= Peter Jančič =

Slovenian publicist

Peter Jančič is a Slovenian publicist, journalist, editor, political analyst and author. He has served as an editor-in-chief of daily Delo (2006-2007), Spletni časopis (2017-2020) and Siol news website (2020-).

Jančič graduated with a thesis on journalistic ethics and honor code at the Faculty of Social Sciences of the University of Ljubljana in 1991.

He published scholarly articles on journalistic ethics in Teorija in praksa journal, and was one of the key contributors in the development of the code of ethics for the Slovenian Journalists Association.
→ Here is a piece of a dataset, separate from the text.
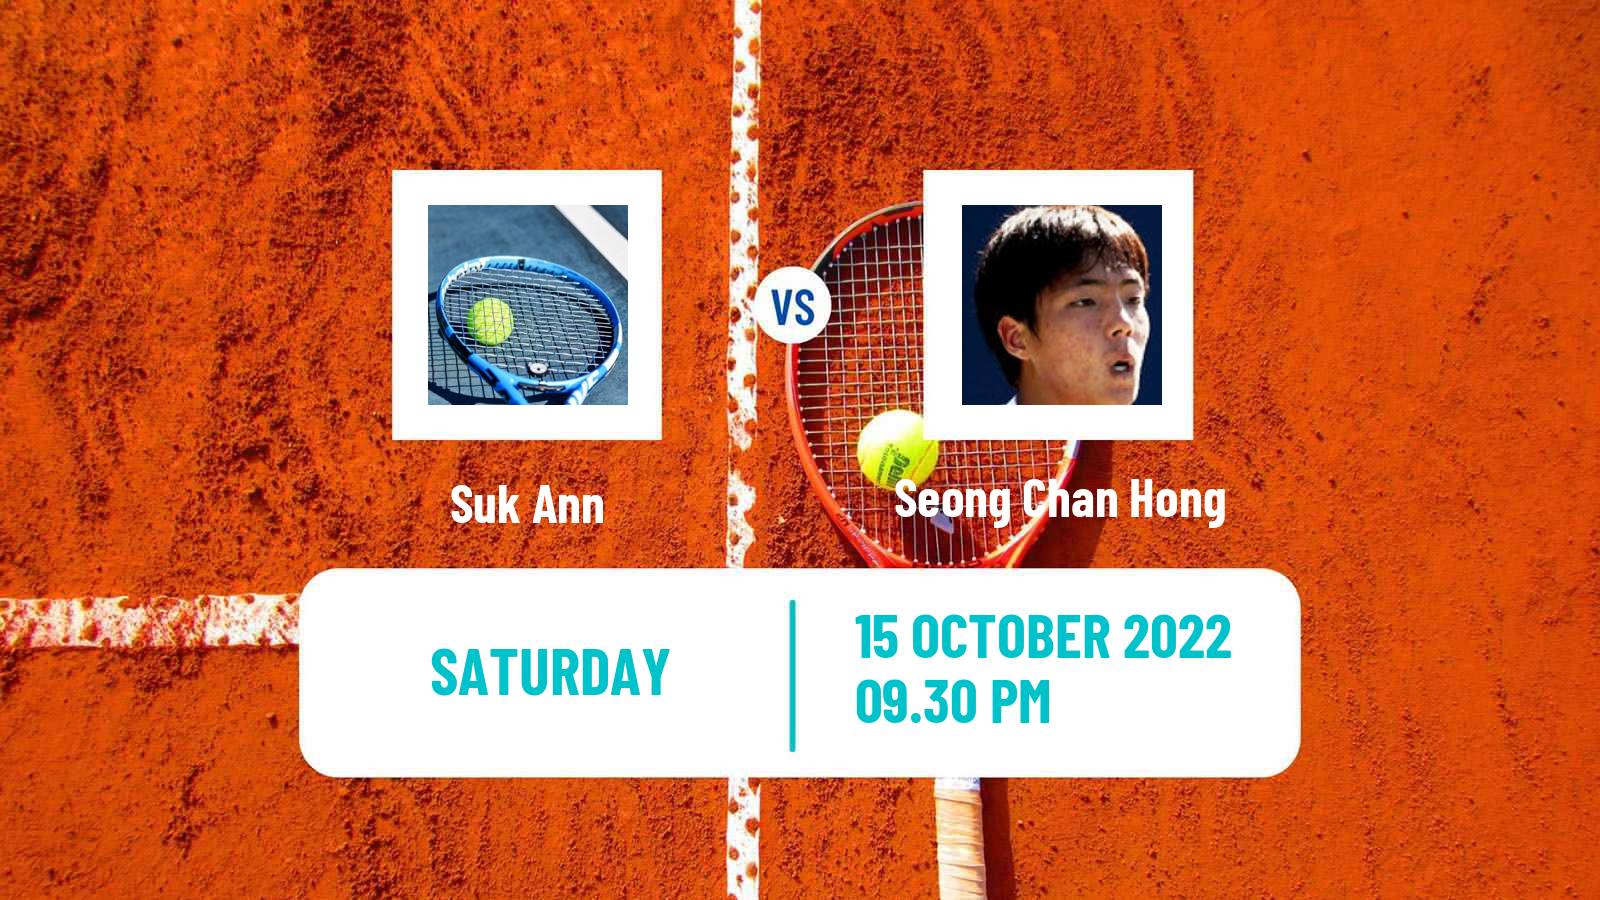 Tennis ATP Challenger Suk Ann - Seong Chan Hong

The code still applies.

Before 2017, Peter Jančič was a journalist and domestic politics editor at daily newspaper Večer for 15 years, and at daily Delo for 10 years. In 2006 and 2007, he was the editor-in-chief of Delo. He wrote that when he served as the editor in chielf of Delo, "the newspaper sold more copies every day than Delo, Dnevnik and Večer combined sell today." In 2017, he was fired from Delo when he disagreed with what he called Delo's "political propaganda".

In 2017, Jančič published a book titled Fake News (Lažne novice). The book describes relations between Slovenian politics and media, who controls and influences the media and why they report the way they do. The book triggered a fierce debate among public figures.

For several years he served as a member of Council and the Program Council of the Radio-Television of Slovenia. Jančič was one of the founders and the first president of the Association of Journalists and Publicists, which is one of the two major associations of journalists in Slovenia.

In 2017, he founded the Freedom of Expression Foundation and the political website Online Newspaper (Spletni časopis) which he created and edited until 2020.

In April 2020, he became the editor-in-chief of Siol, one of the leading Slovenian news websites, and suspended to work for the Online Newspaper.